▶ EXERCISE DIRECTIONS
An exact copy of the data below is needed; please leave out any pictures.

▶ DATASET CONTENT
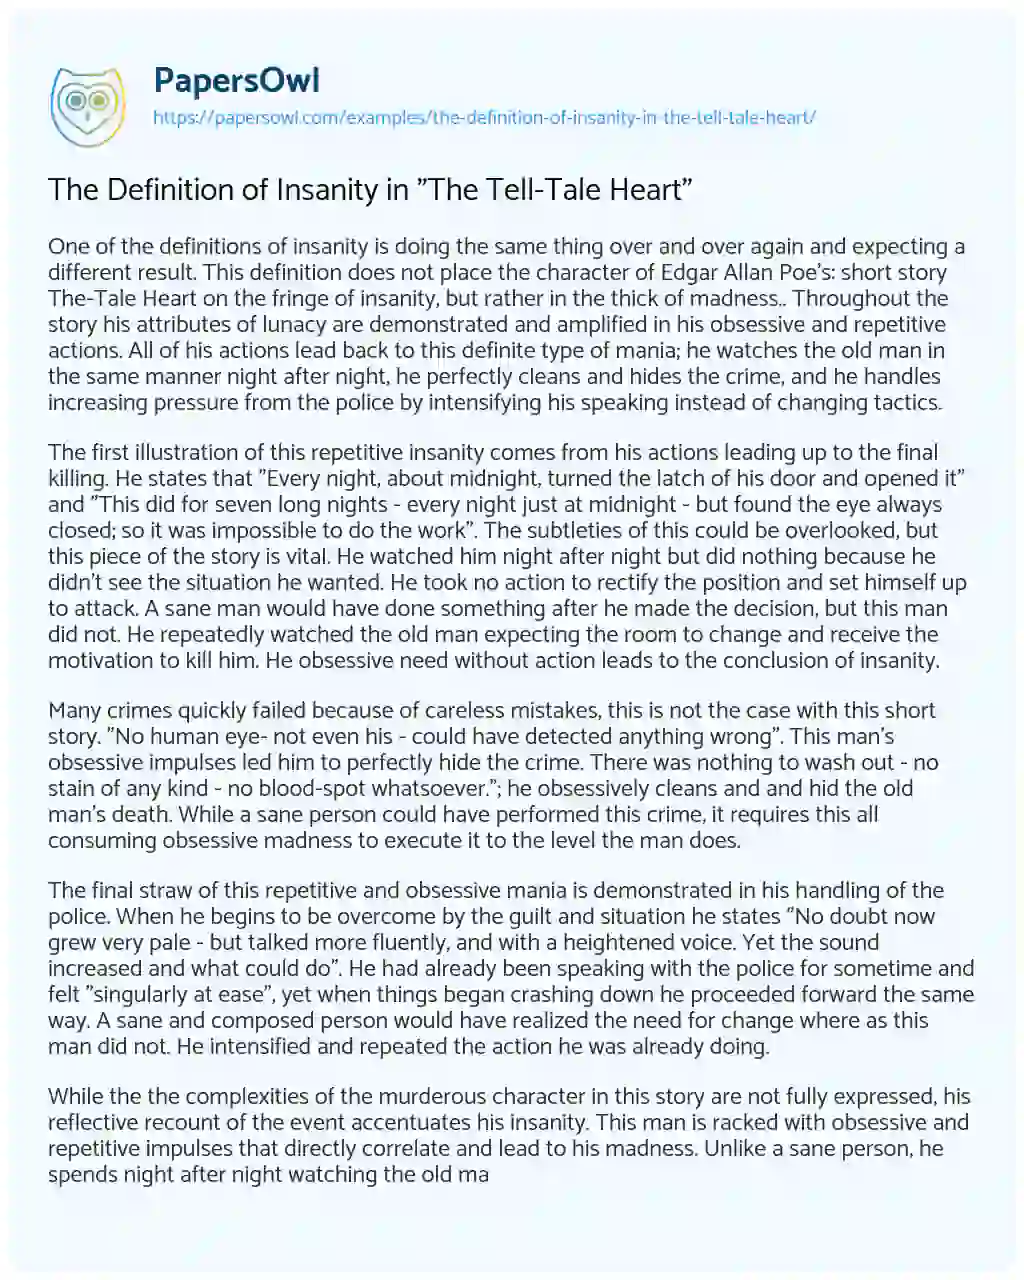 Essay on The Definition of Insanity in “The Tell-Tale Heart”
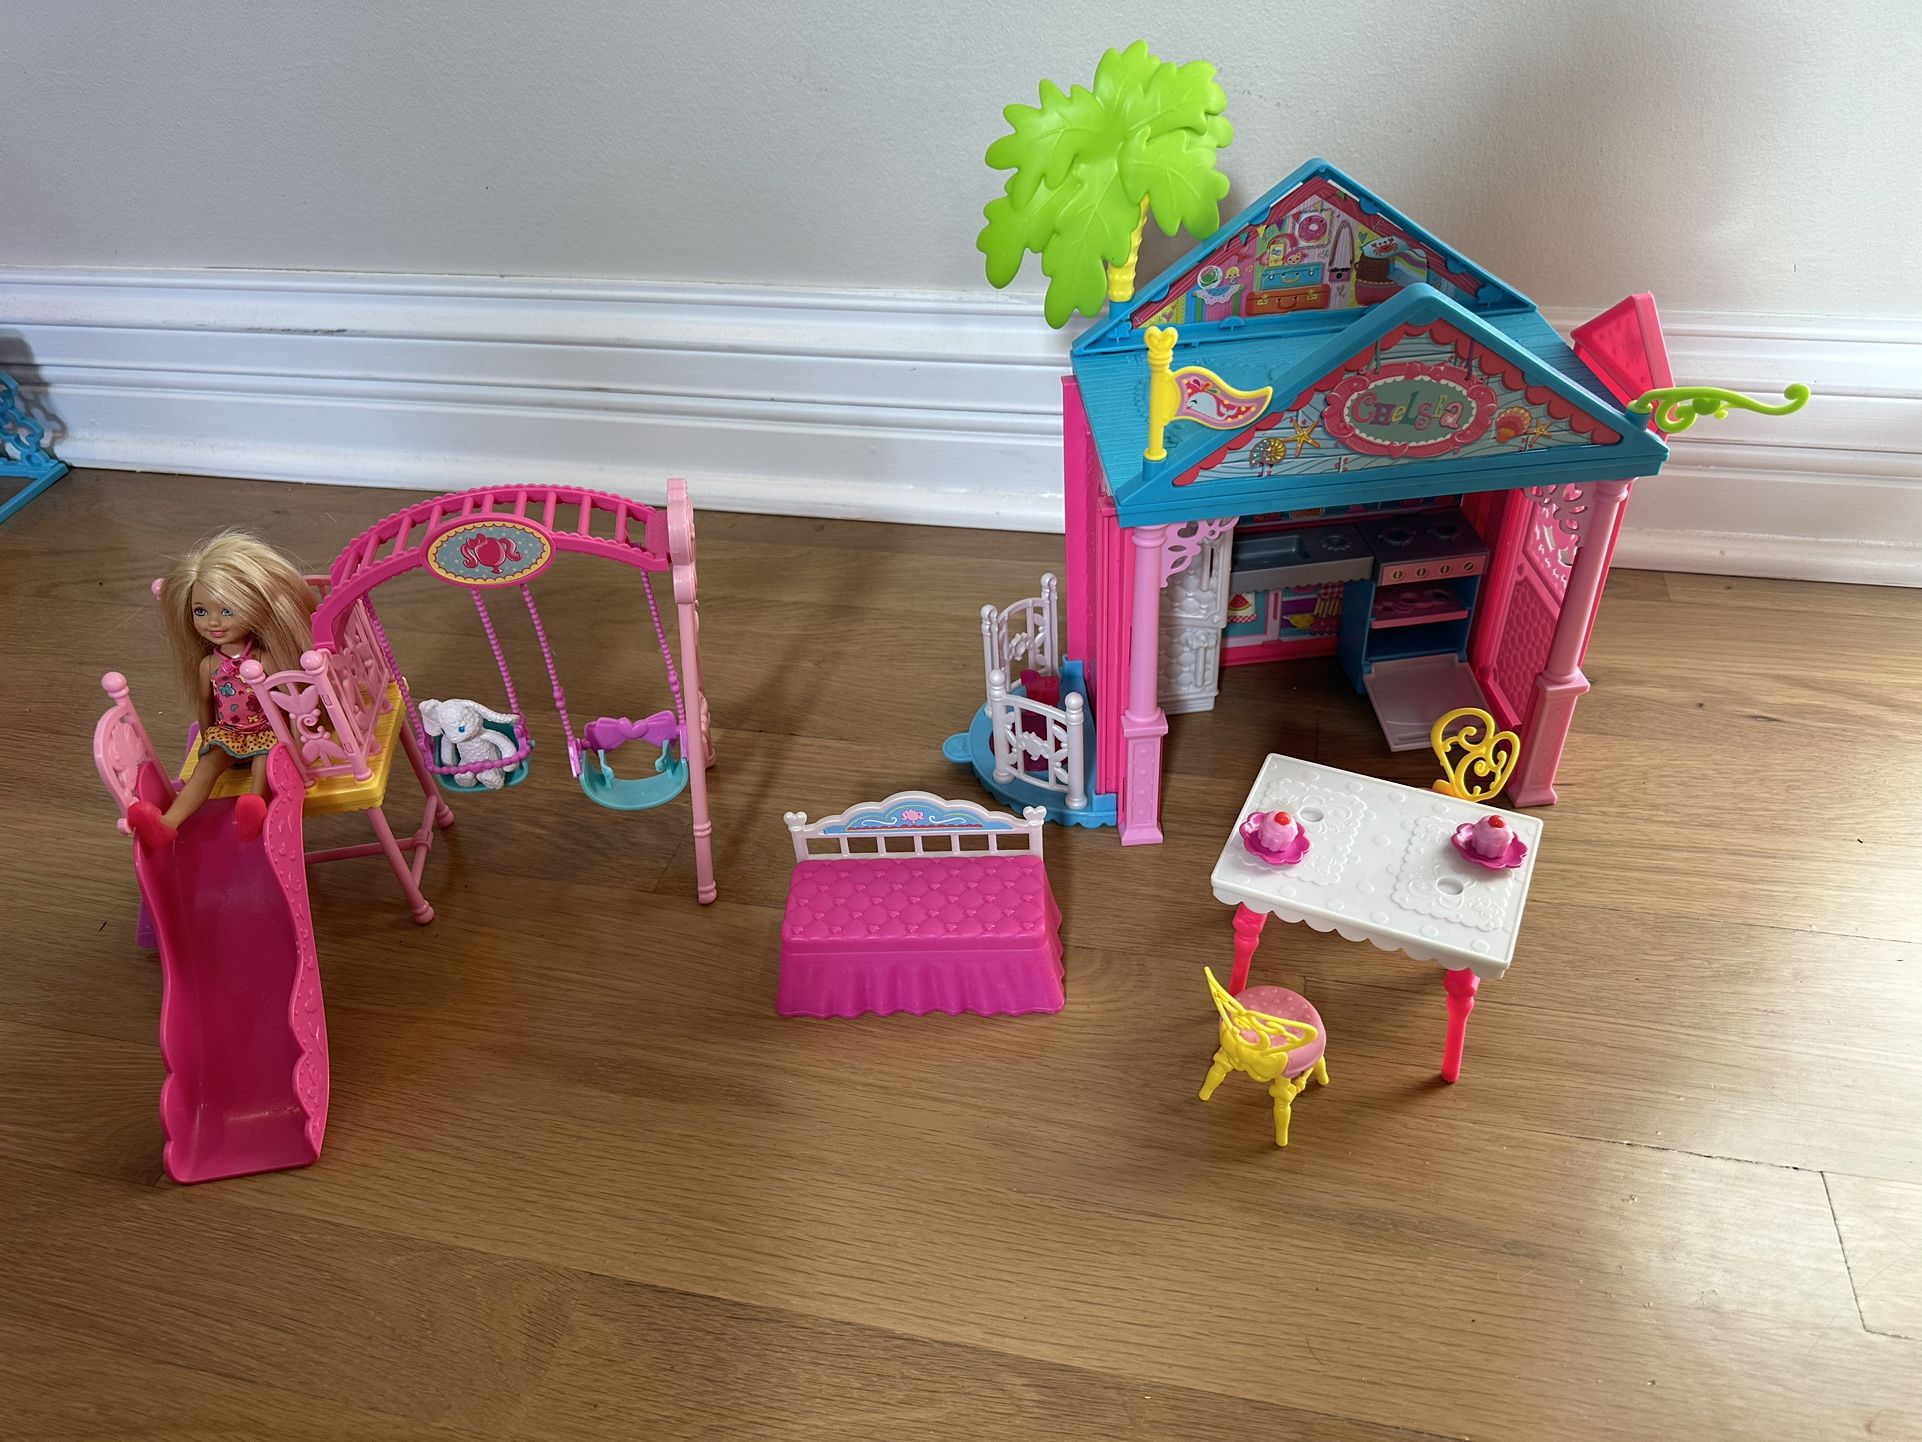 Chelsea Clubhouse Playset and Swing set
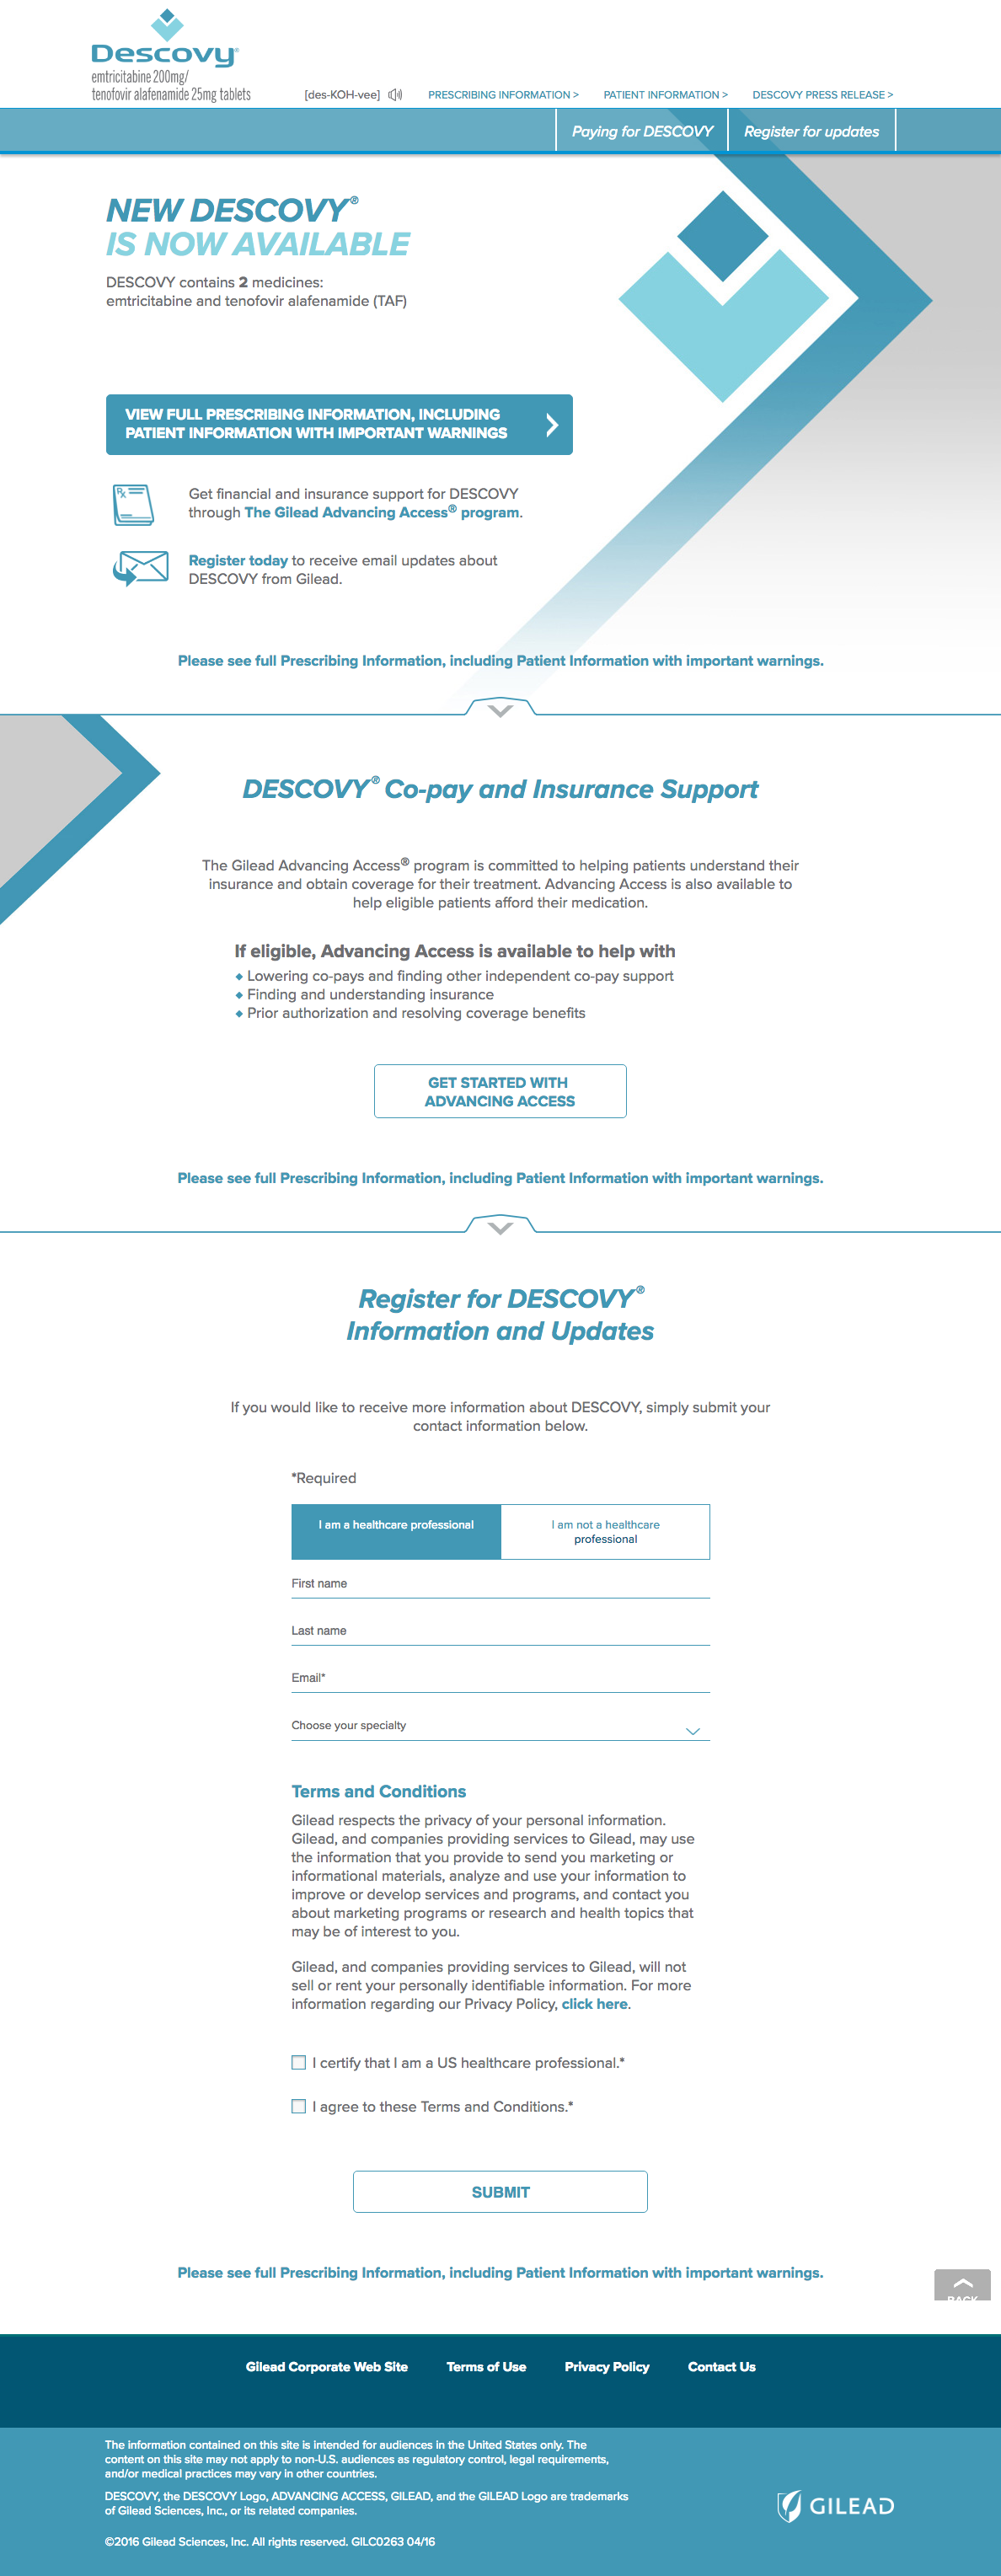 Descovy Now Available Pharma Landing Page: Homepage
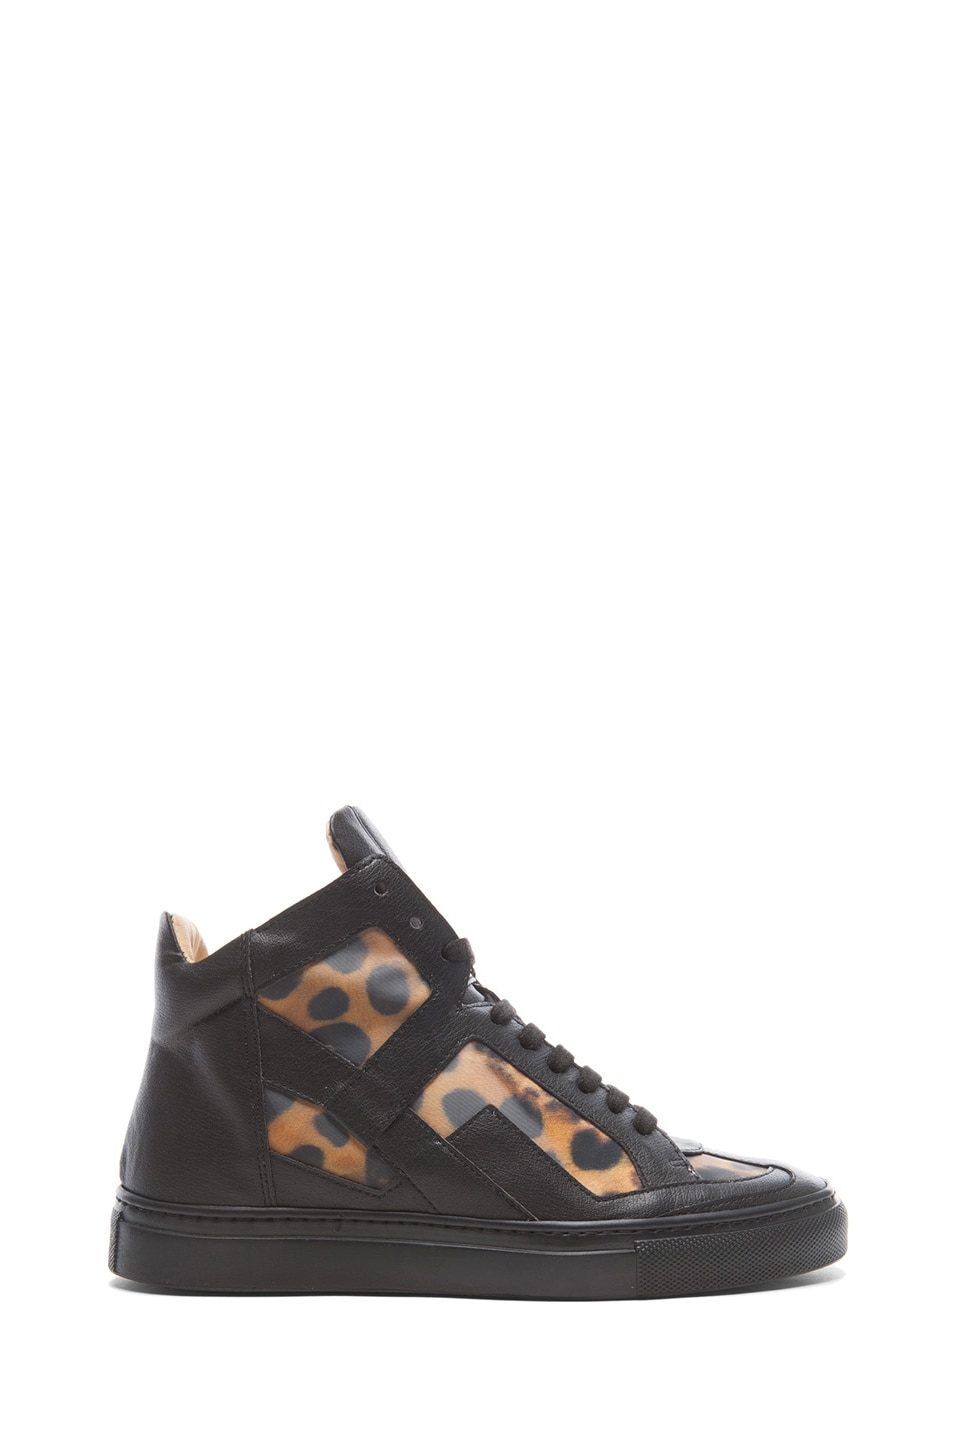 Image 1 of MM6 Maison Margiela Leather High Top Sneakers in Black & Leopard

▶ EXERCISE SOLUTION
 Essay on The Definition of Insanity in “The Tell-Tale Heart”
 Chelsea Clubhouse Playset and Swing set
 Descovy Now Available Pharma Landing Page: Homepage
 Image 1 of MM6 Maison Margiela Leather High Top Sneakers in Black & Leopard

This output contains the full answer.